I don't really want to mess it up, so am I right, if I think that something is wrong here?
(I dont want to have 31277232 sectors, dammit! )

So, what is wrong? I've missed something?

I JUST WANT TO FDISK IT to have 512 KiB alignment!

Last edited by scar (2011-04-29 20:15:12)


“The future has already arrived. It's just not evenly distributed yet.”
― William Gibson

Offline

#2 2011-04-30 01:06:54

sudokill
Member
Registered: 2011-04-27
Posts: 54

Re: SSD trouble?

I did it the easy way

1- booted into a parted magic disc
2- Used GParted + chose default msdos partition table
3- created new ext4 partition as / (single partition), it auto-aligns the start to 2048
4- install arch on /

You can do this with multiple partitions obviously. I didn't want to risk aligning by command line I'd say this is a safe way you can't go wrong.

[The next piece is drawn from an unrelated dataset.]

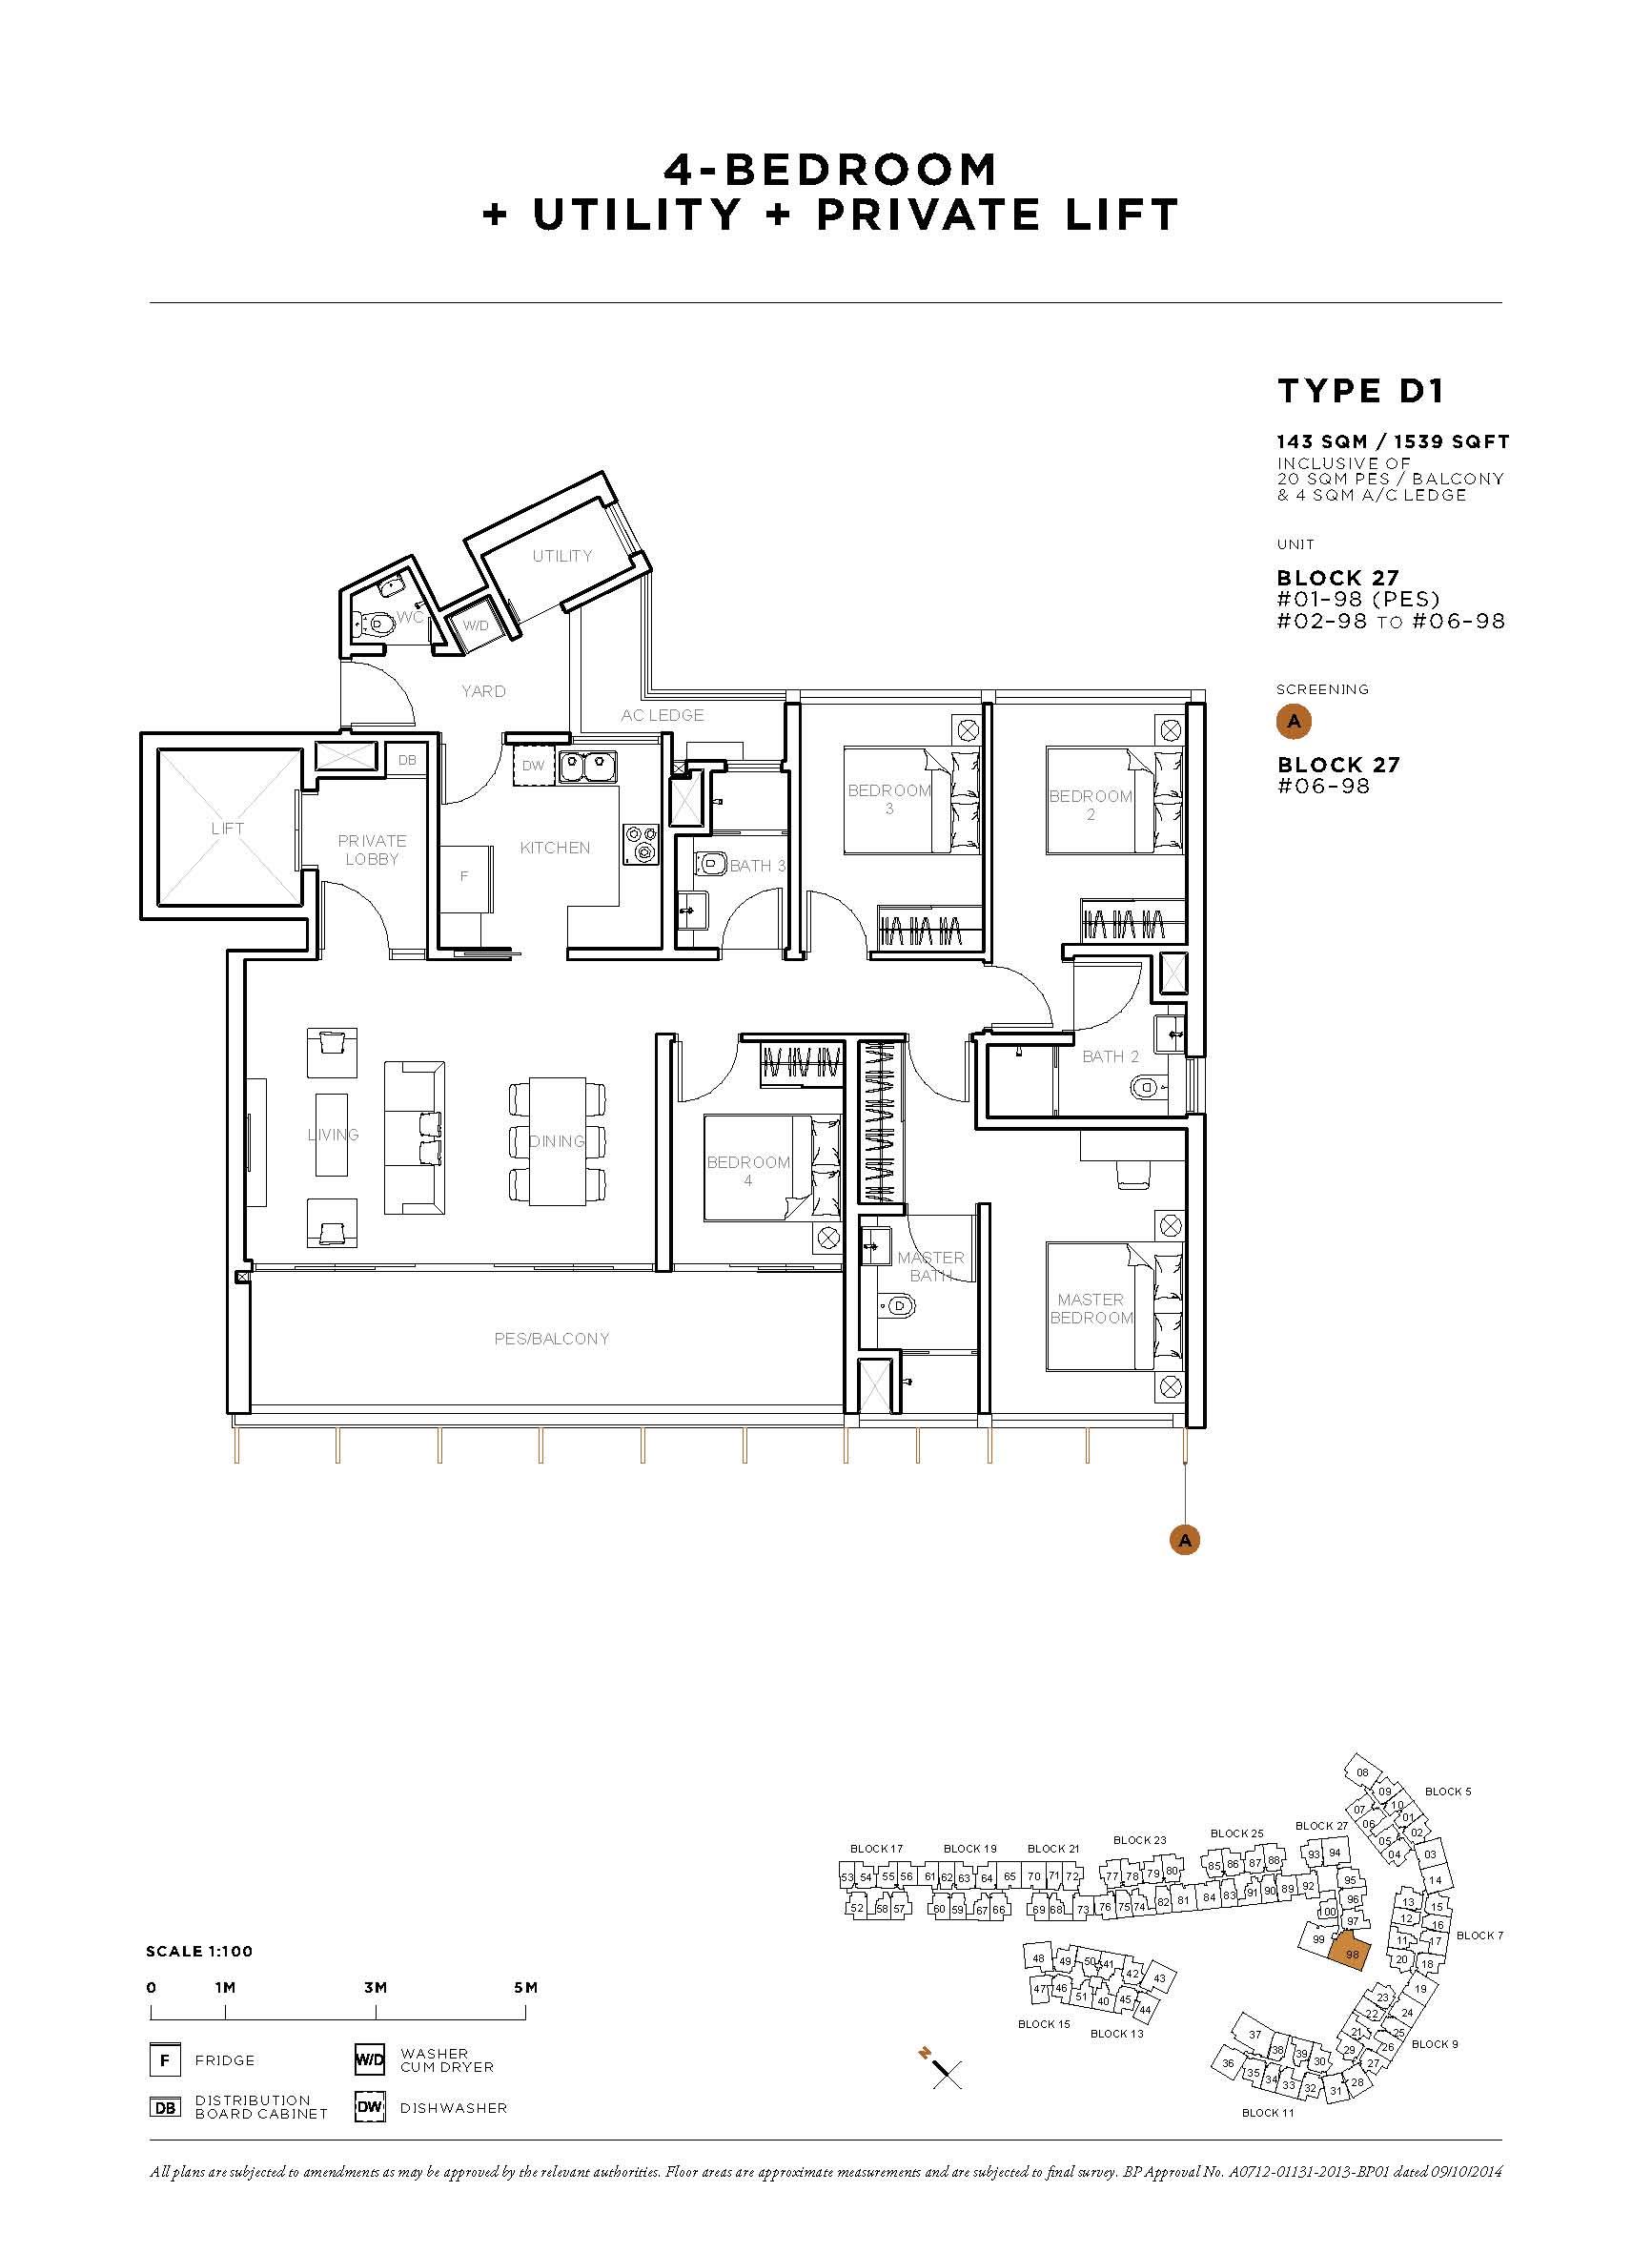 Sophia hills hottest selling district 9 why fr 1800psf for Kaplan floor plan

Edit- why is 2048 bad? It doesn't matter as long as it's divisible by 512 and it's fine to use 2048 if your erase block size is 512

Last edited by sudokill (2011-04-30 01:08:33)

Offline

#3 2011-05-12 16:13:45

scar
Member
From: Hungary
Registered: 2009-10-01
Posts: 442

Re: SSD trouble?

thank you, TRIM works this way.

SOLVED!

Last edited by scar (2011-05-12 16:14:26)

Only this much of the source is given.